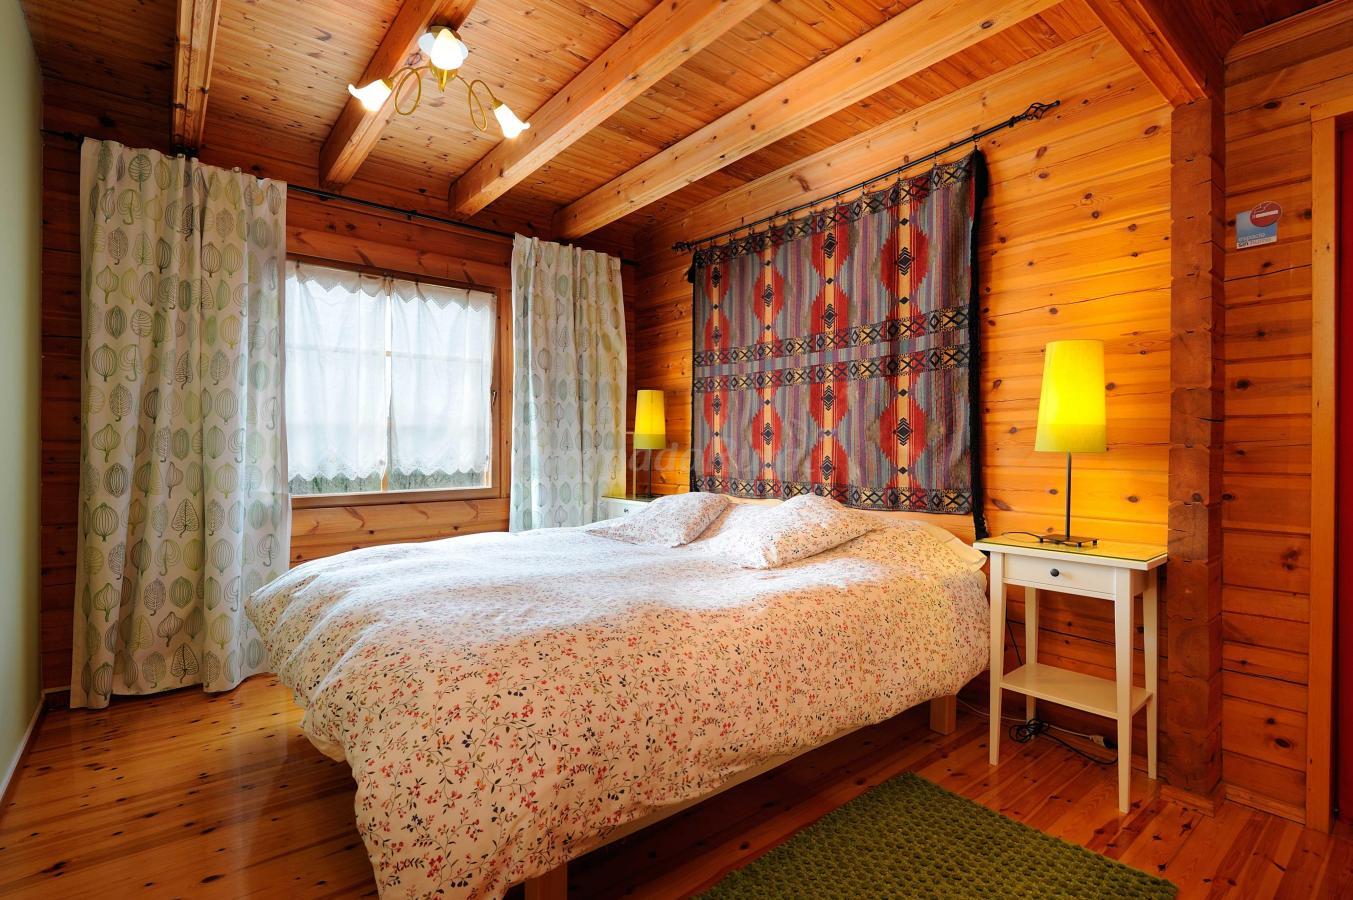 Fotos de la casa de madera casa rural en arrieta vizcaya - Casa rural de madera ...
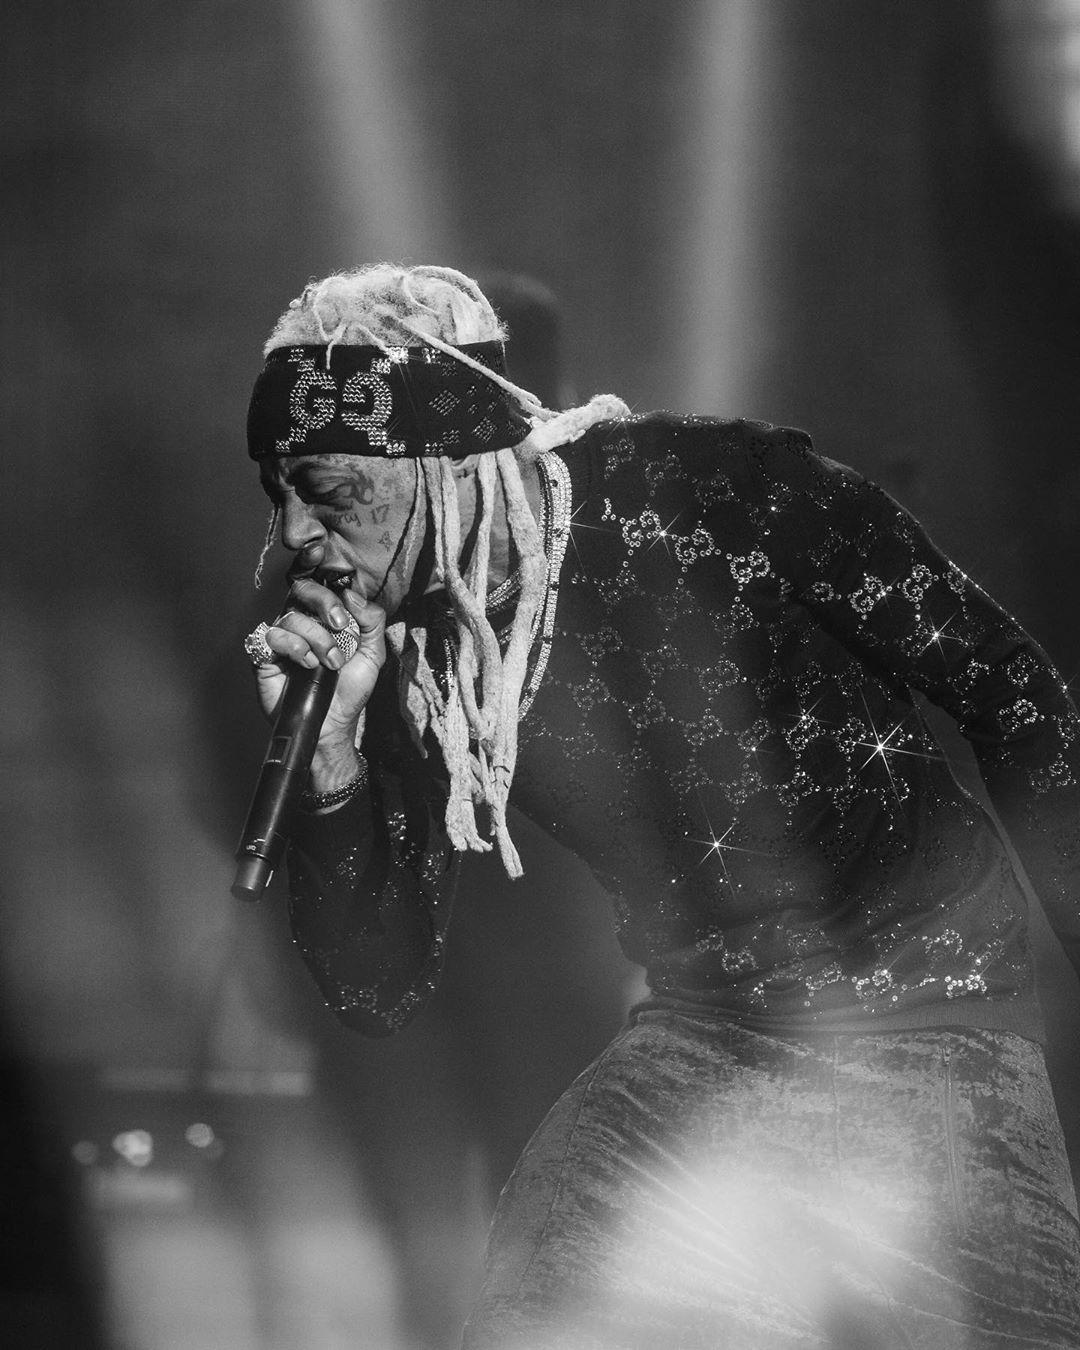 Lil Wayne at Broccoli City Festival
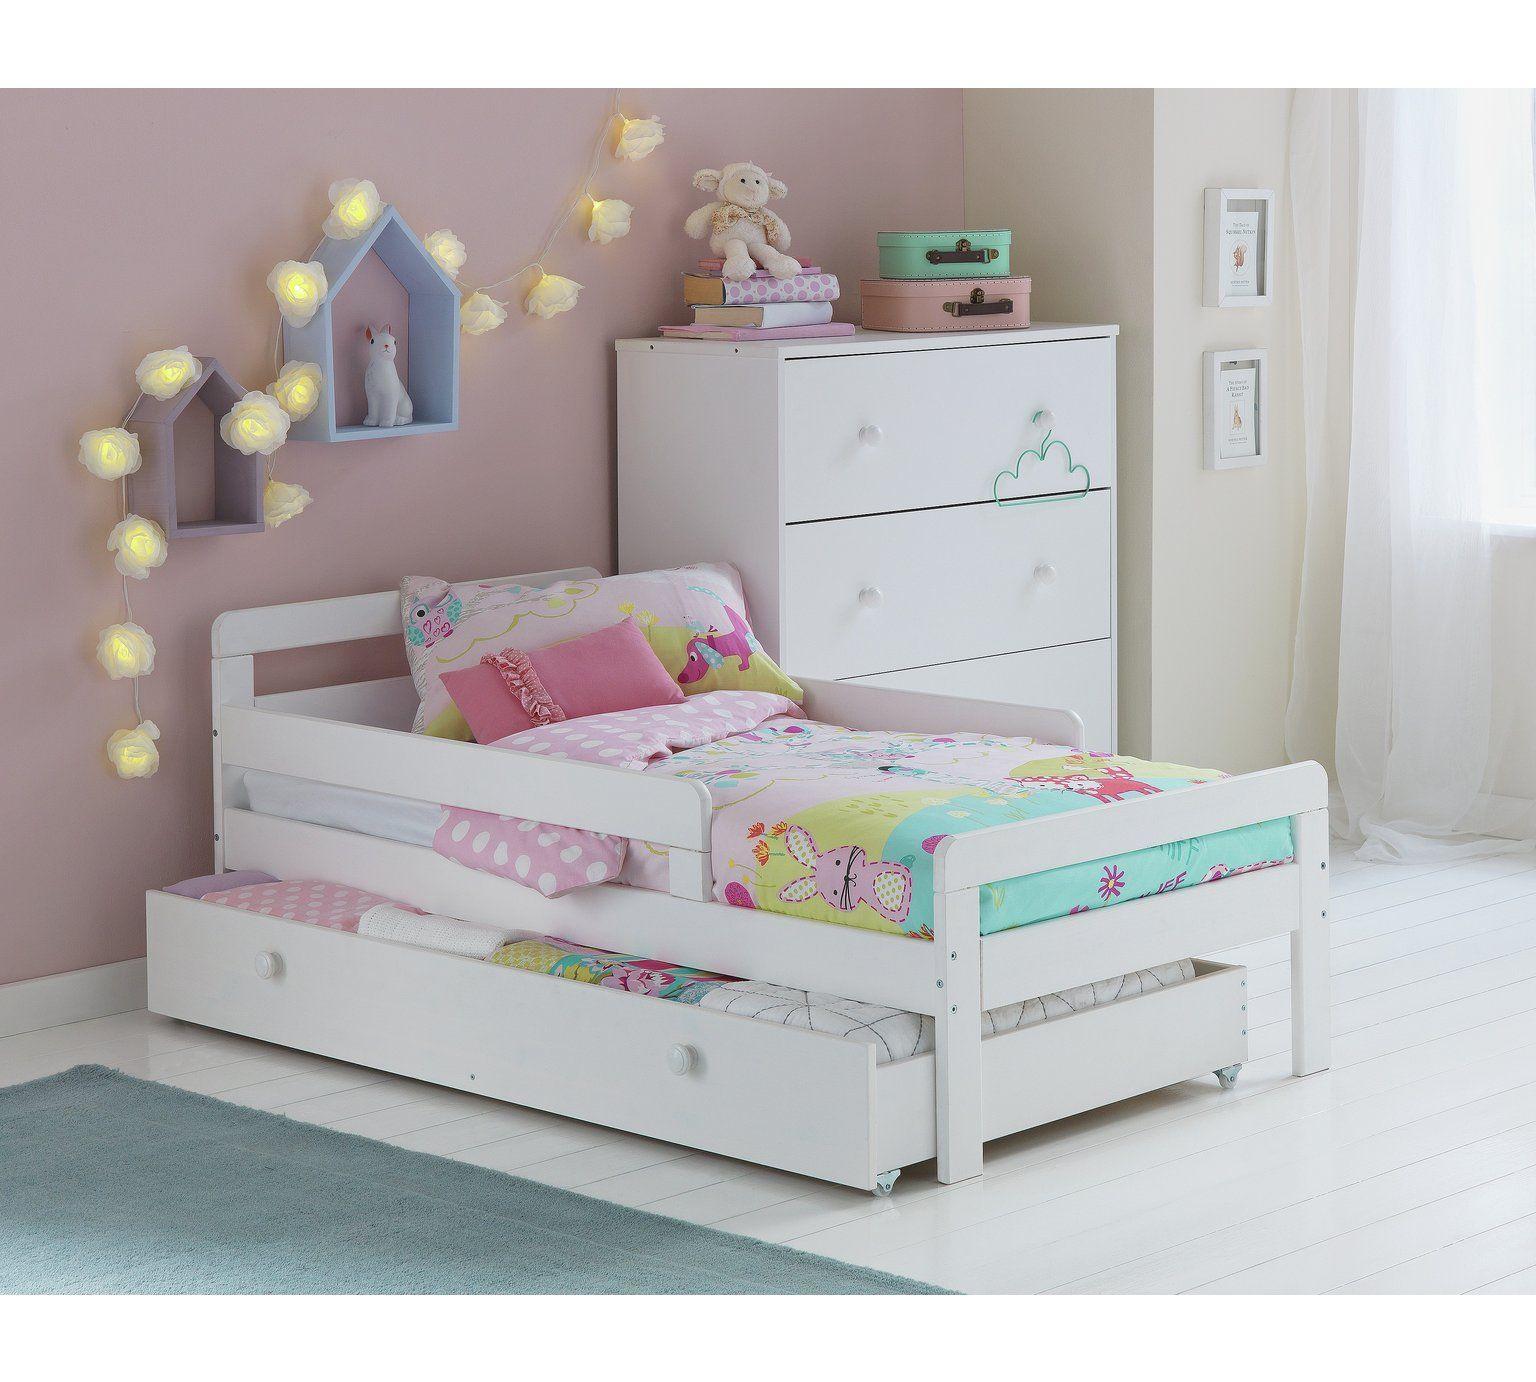 Buy Argos Home Ellis Toddler Bed Frame With Storage White Kids
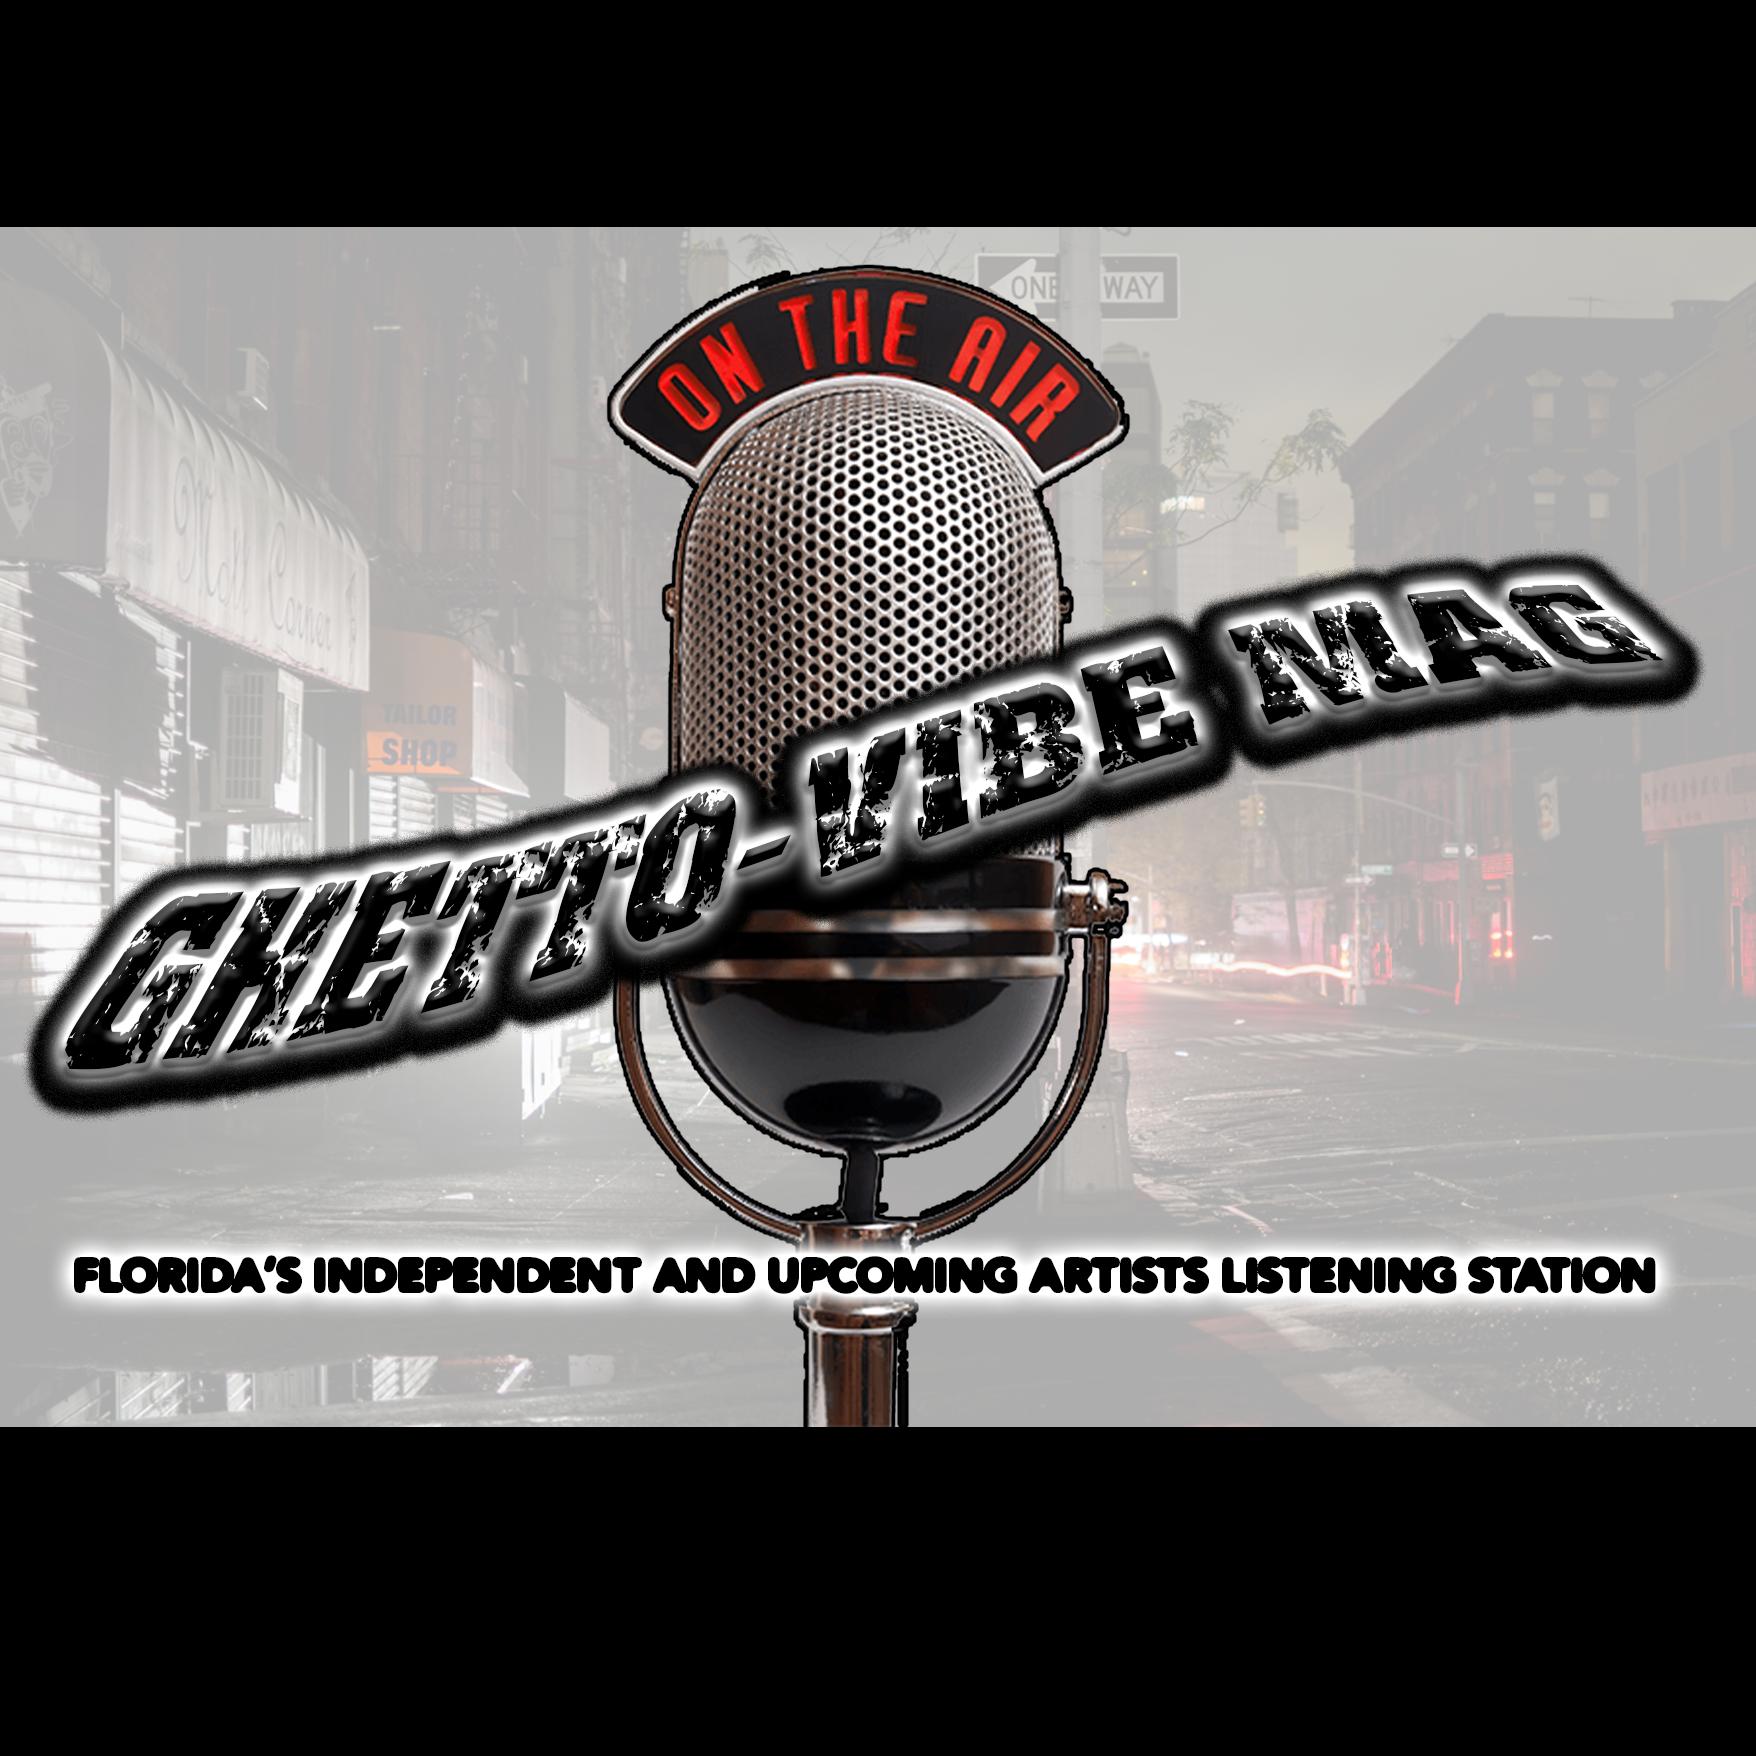 Ghetto-Vibe Mag/Radio

■ **TASK REQUIREMENTS**:
Having located the line with "Lil Wayne at Broccoli City Festival", transcribe exactly and only the lines from it to the final line of the material, skipping the pictures.

■ **RESPONSE FOR THIS EXERCISE**:
 Lil Wayne at Broccoli City Festival
 Buy Argos Home Ellis Toddler Bed Frame With Storage White Kids
 Ghetto-Vibe Mag/Radio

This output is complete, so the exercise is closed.